Publication: Sunday Times Issued: Date: 2009-11-29 Reporter: Editorial

Despicable decision, Mr President

 

Publication 

Sunday Times

Date

2009-11-29

Web Link www.timeslive.co.za


Editorial

When Jacob Zuma was canvassing for support to oust Thabo Mbeki as ANC president, he assured followers he would protect state institutions from political meddling.

He was trusted by party apparatchiks. And he triumphed after he cast himself as a victim of political meddling in institutions such as the National Prosecuting Authority.

In the run-up to the general election, Zuma reiterated the message. Convinced that a man who almost lost his political life due to alleged meddling in independent state institutions would clean out any hint of such abhorrent practices, the public believed him too.

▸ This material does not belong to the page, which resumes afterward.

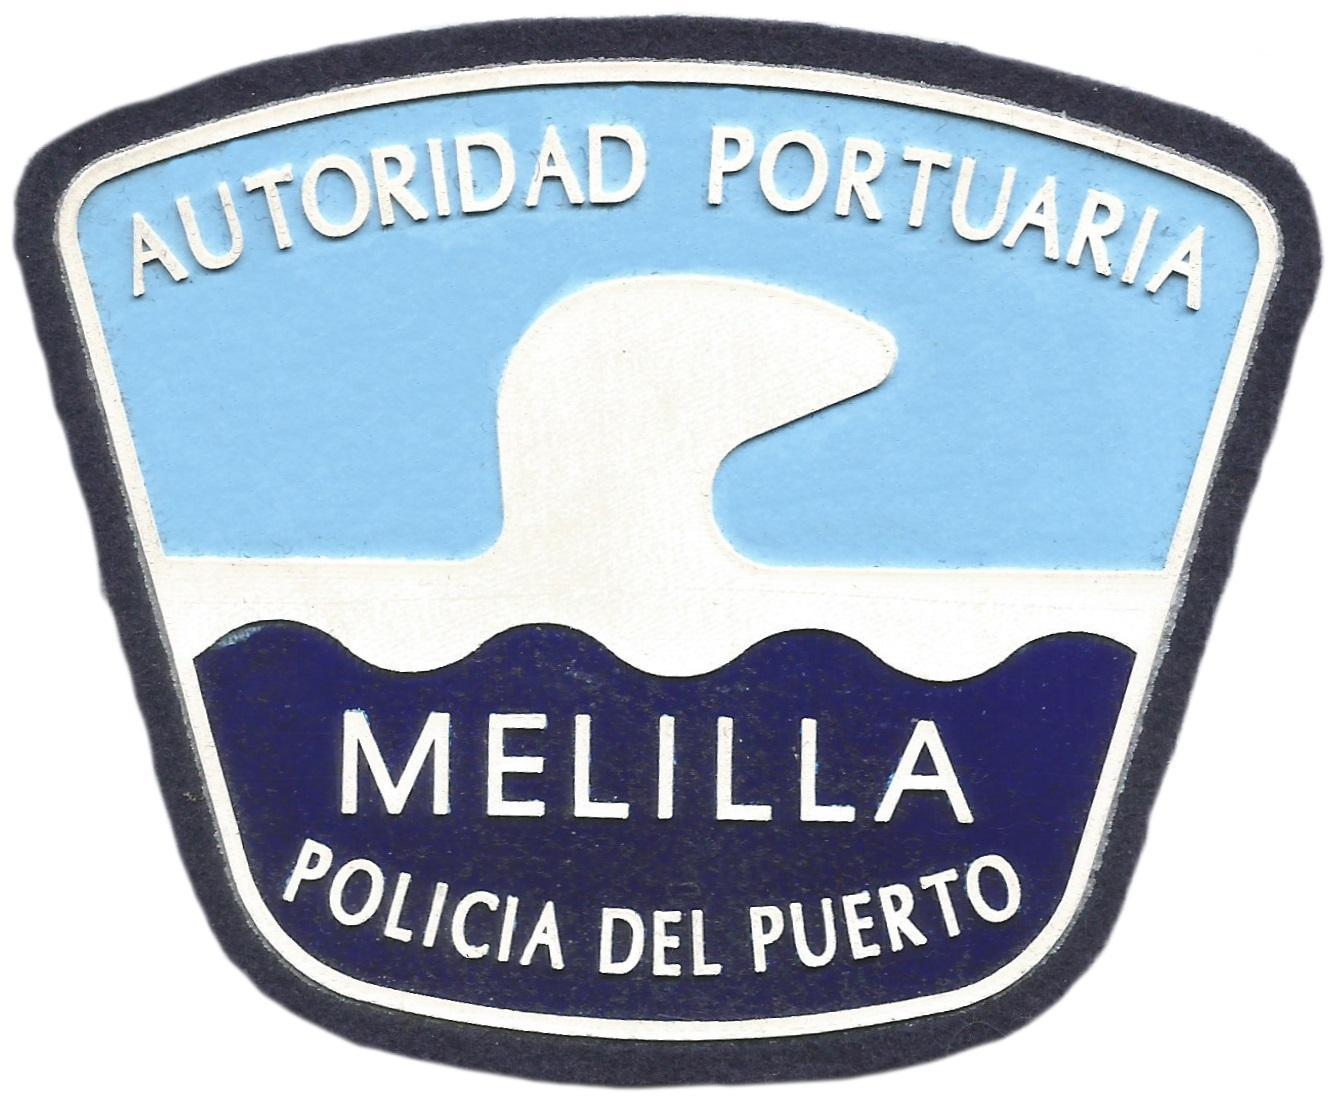 POLICÍA AUTORIDAD PORTUARIA DE MELILLA PARCHE INSIGNIA EMBLEMA DISTINTIVO

In his initial speeches after he was confirmed president, he repeated what was indeed a welcome message. We reciprocated with our trust in him - however cautious.

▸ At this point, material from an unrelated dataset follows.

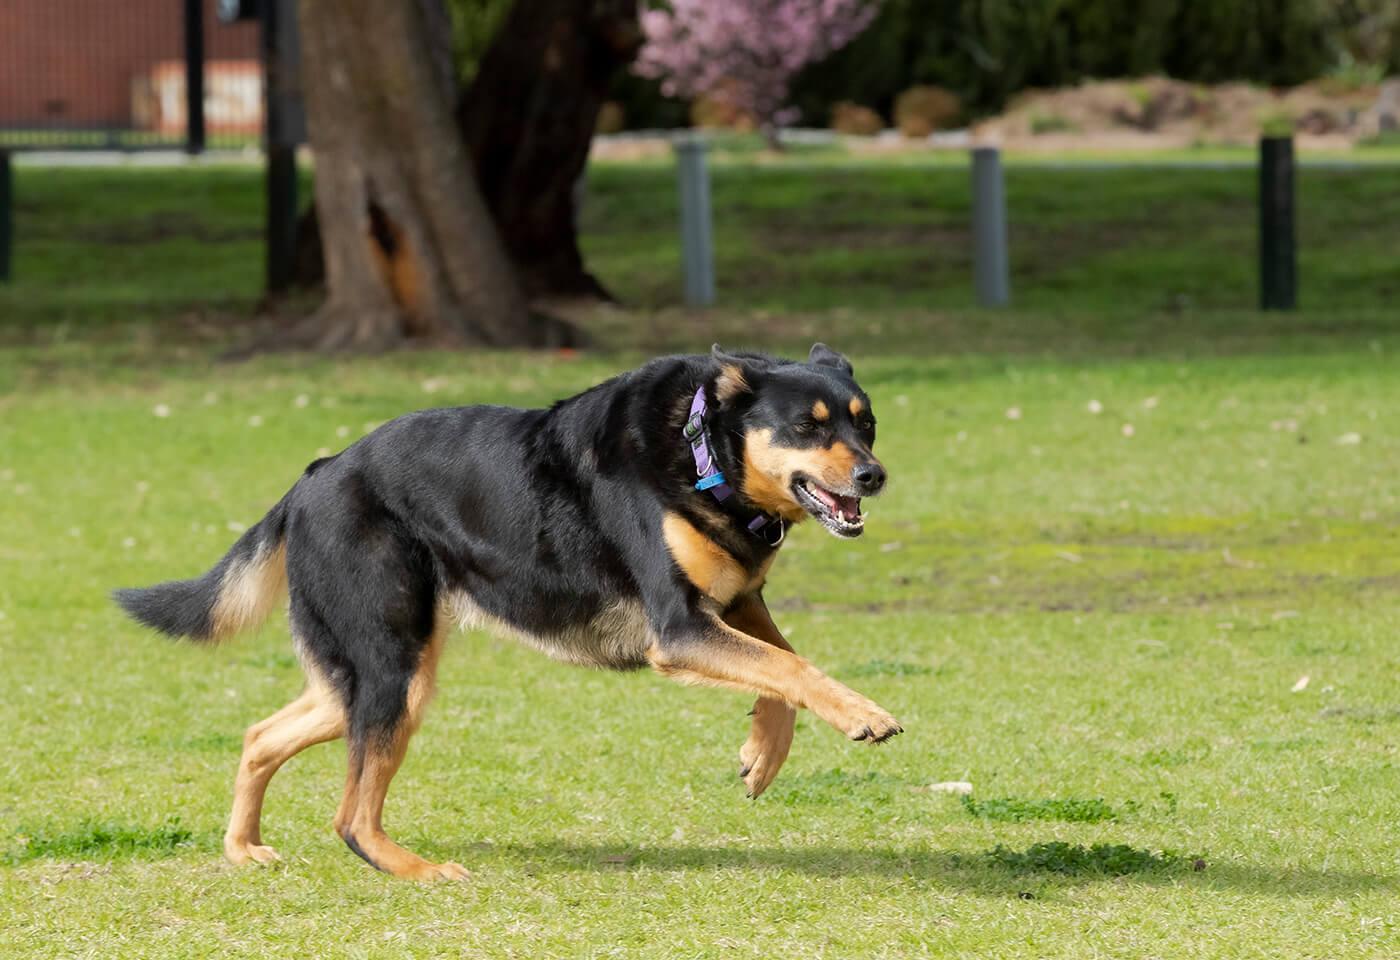 Image of a dog by Steve Huddy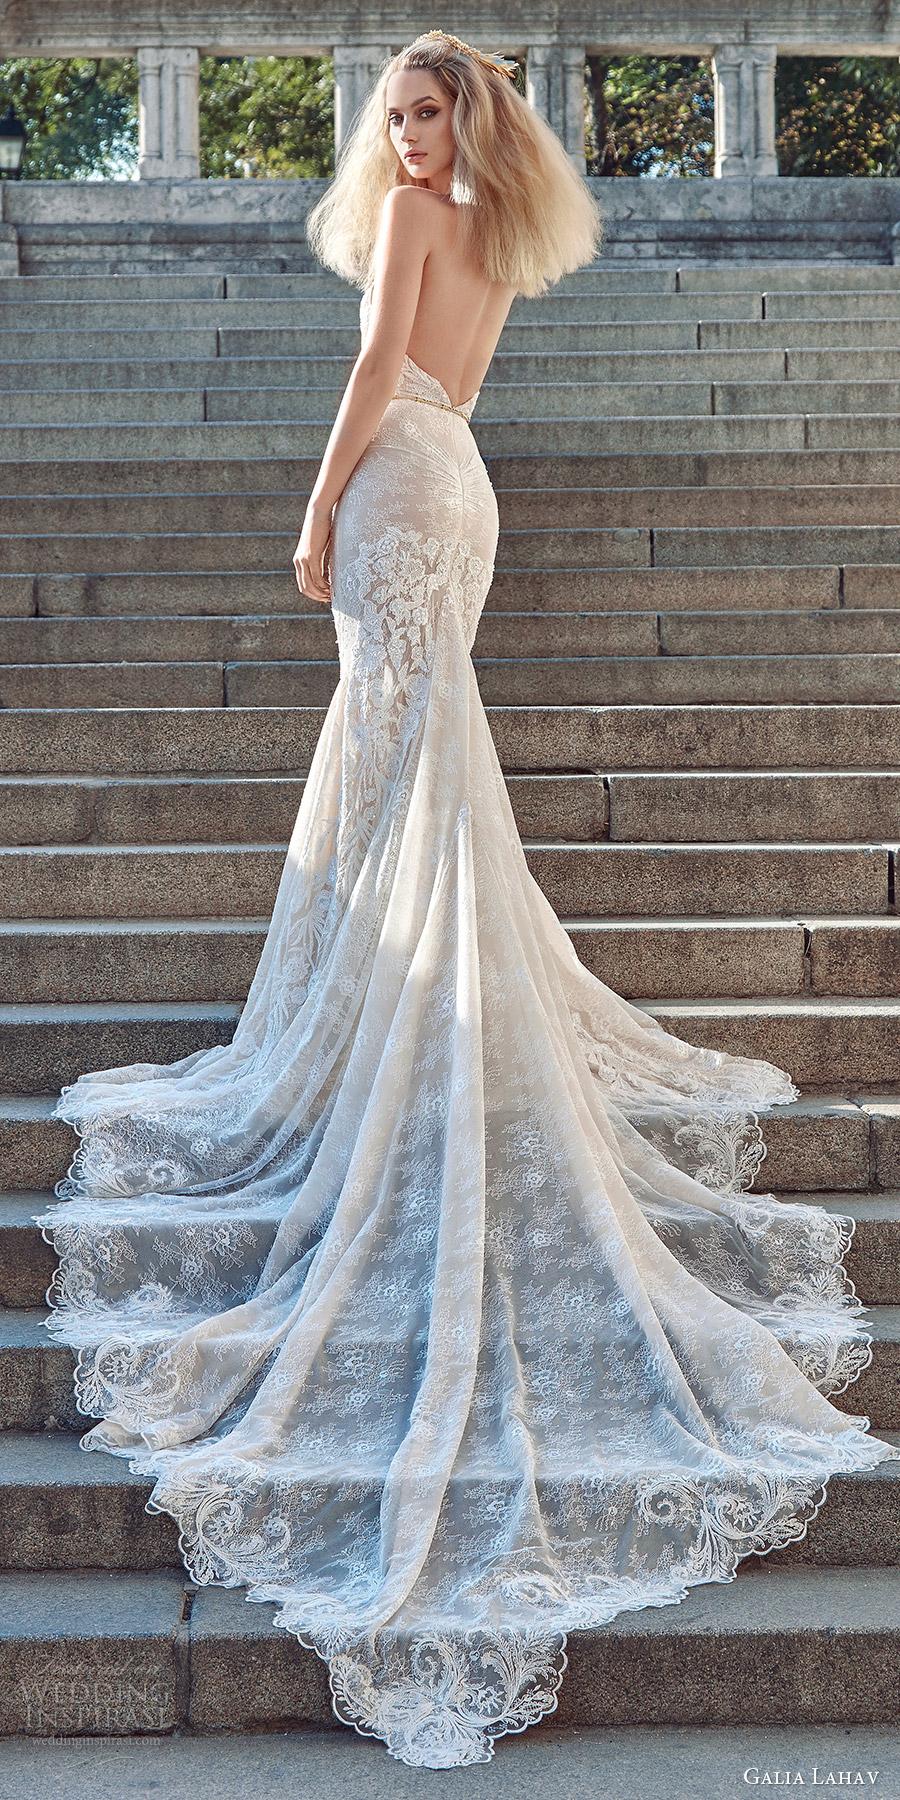 Victorian Gothic Wedding Dresses 64 Nice galia lahav fall bridal

A few months later we are in a strong position to categorically state that we were duped *1. Nothing illustrates this more clearly than Zuma's less than presidential decision to appoint Menzi Simelane as attorney-general.

Simelane was rebuked by Frene Ginwala, former parliamentary Speaker, for being an unreliable witness during the proceedings she chaired to determine whether Vusi Pikoli, the former national director of public prosecutions, was fit for office.

Zuma's inconsistency is extraordinary. When he beat up the drum of political manipulation of state institutions, many had in mind Mbeki's interference in the NPA to block the arrest and prosecution of police chief Jackie Selebi.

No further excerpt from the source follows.